In standard physics, the space and time are continuous, and nothing else. All the physical quantities that are derived from length or angles or time are continuous (this includes quantities like mass and energy, which are derived from time). Besides those, there are no other physical quantities that are continuous.

The mathematical models that assume the continuity of space and time match extremely well any experiments and for now there exists no evidence whatsoever that space and time are not continuous.

Besides the standard physics, there have been a few attempts to create mathematical models of the physical processes where the space and time are discrete. Nevertheless, these mathematical models did not succeed to demonstrate any advantage over the standard models with continuous space and time.

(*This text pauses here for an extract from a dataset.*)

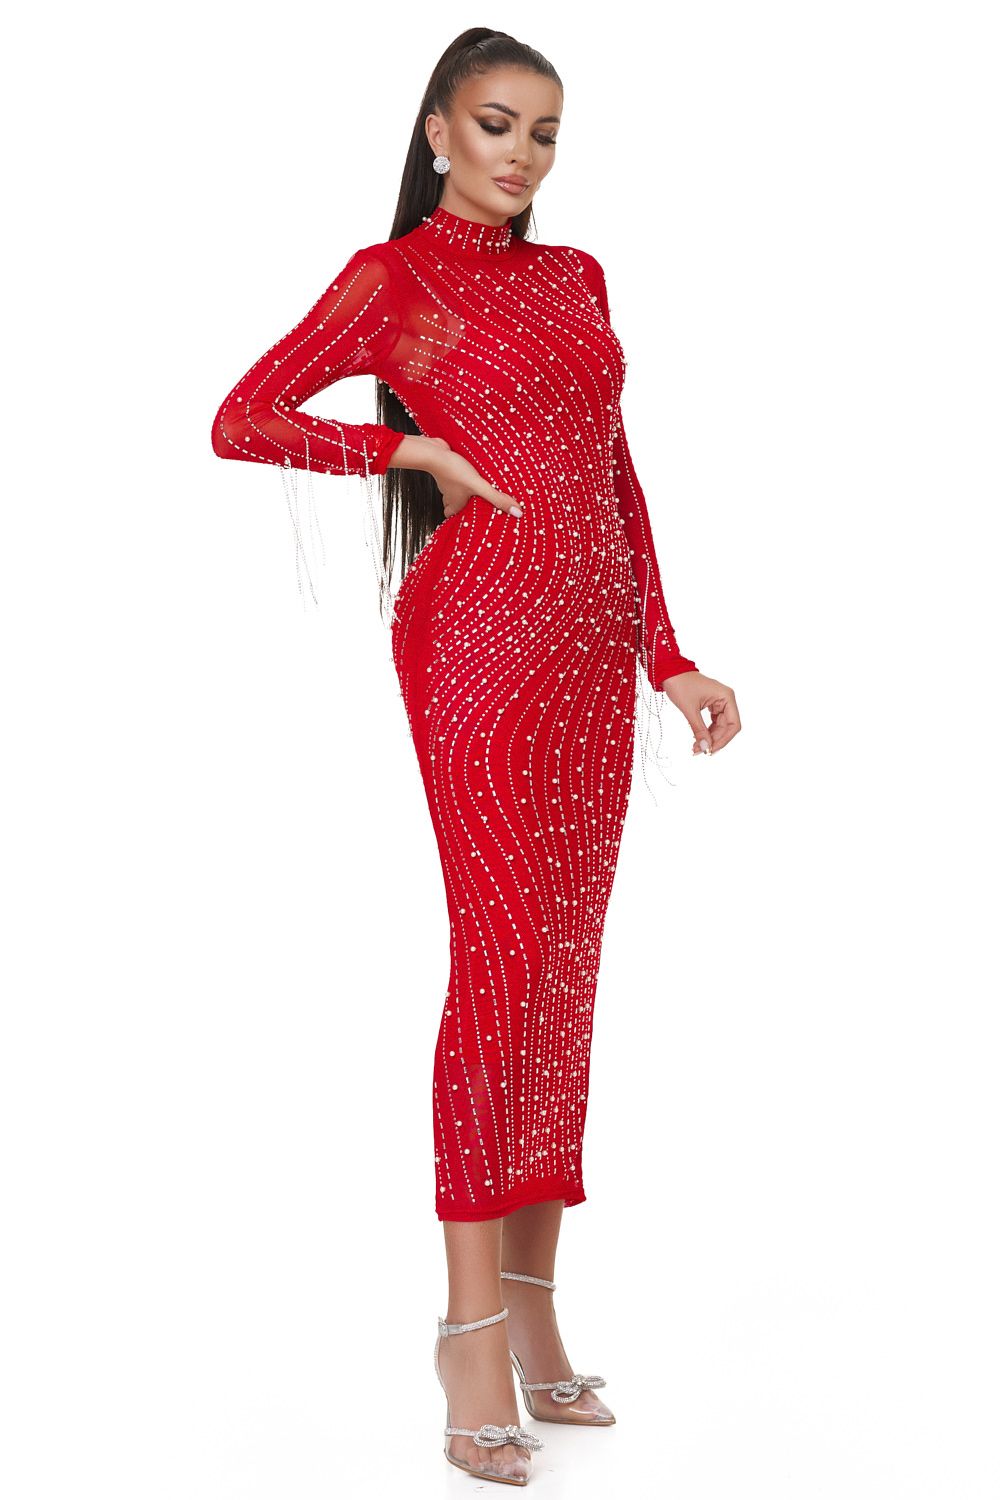 Radisea Bogas hosszú piros női ruha
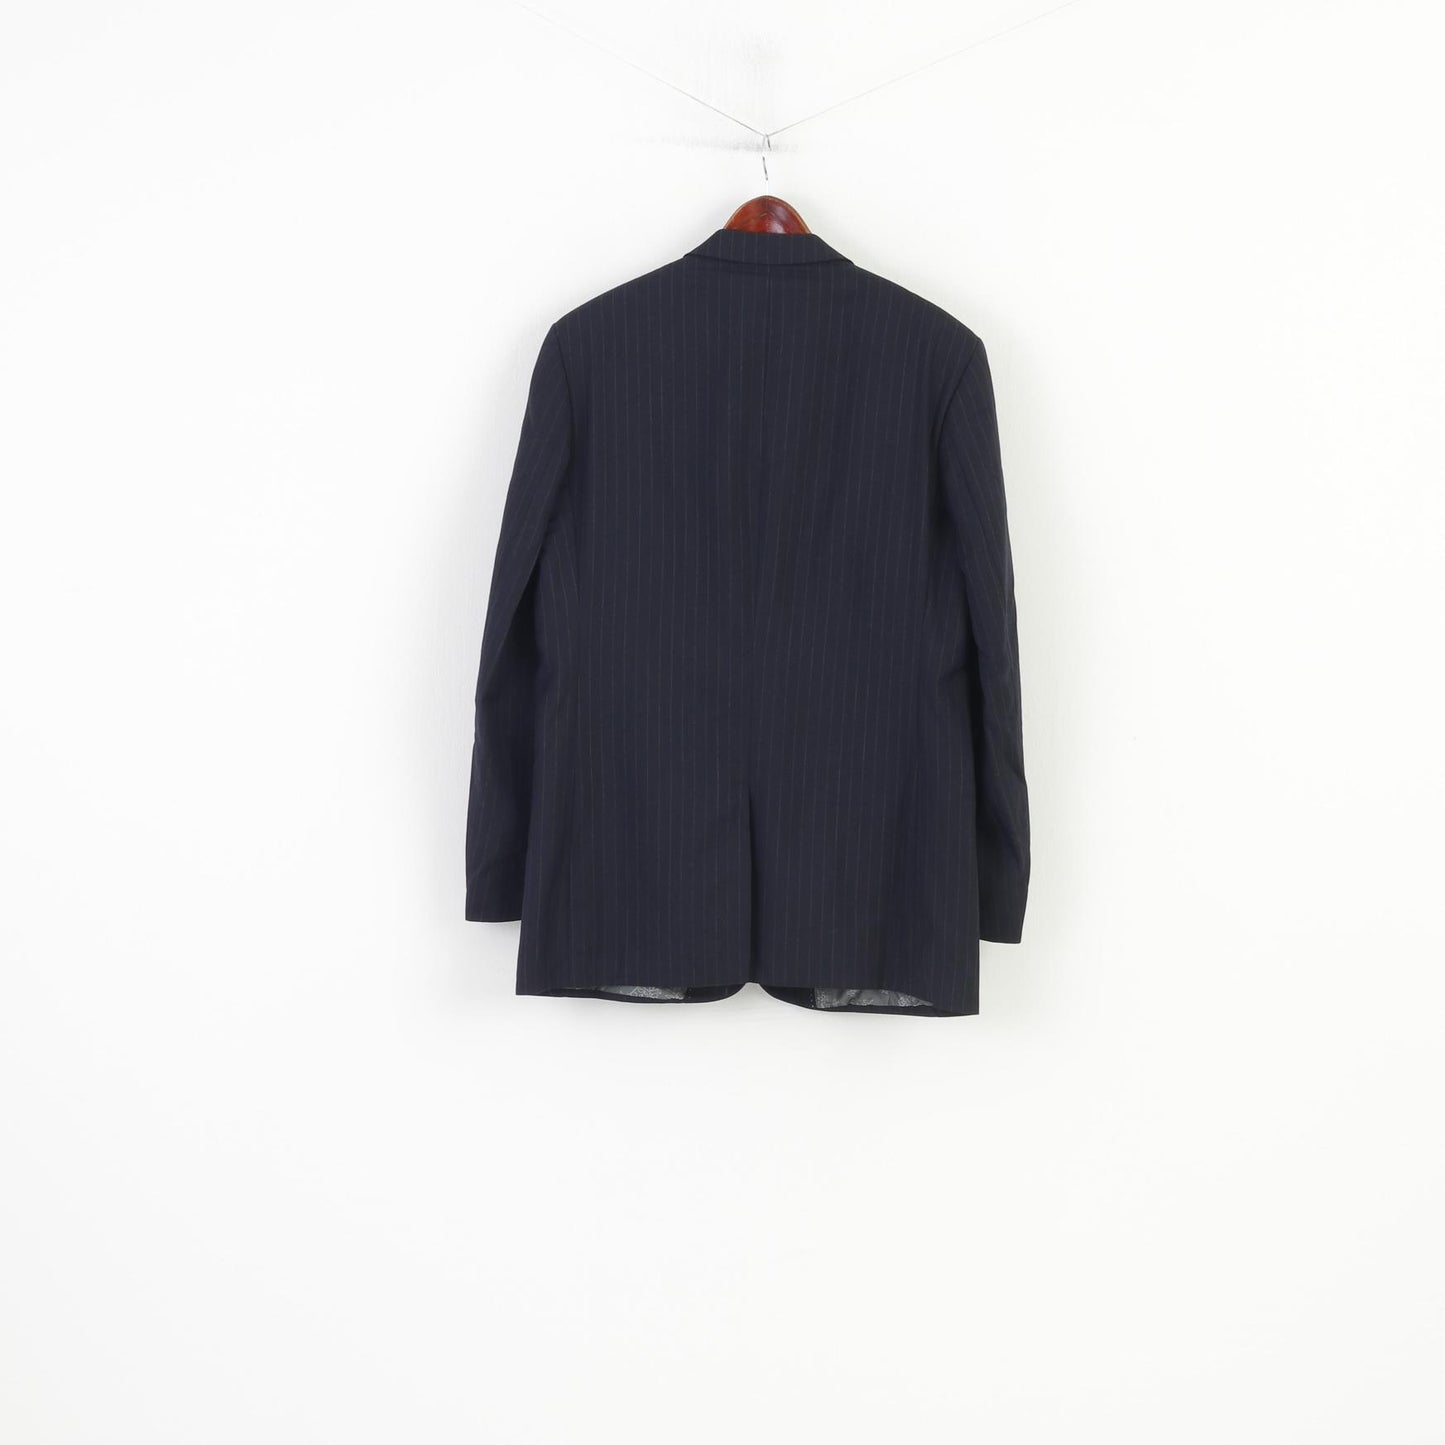 Pierre Cardin Uomo 44 54 Blazer Giacca monopetto vintage in lana a righe blu scuro

> The continuity of physical processes is not something that can be proved.

I agree with you, but is there any peer-reviewed publication that can be cited? The idea makes sense to me, firstly the Reals \ Inaccessible Reals = Computable Reals, secondly you can't ever input an inaccessible real to an experiment nor retrieve one out of an experiment -- but then I'm not completely certain in making the conclusion that no experiment can be devised which shows that inaccessible reals exist in physical space.

I am concerned about this in the field of complexity analysis of quantum computers too, I think that the use of reals in physics is leading to mathematically correct but non-physical results about complexity theory of quantum computers. Having a paper to point at and say "look, stop assuming your Bloch spheres are backed by uncountable sets, it's leaking non-computable assumptions into your analysis of computation" would be helpful.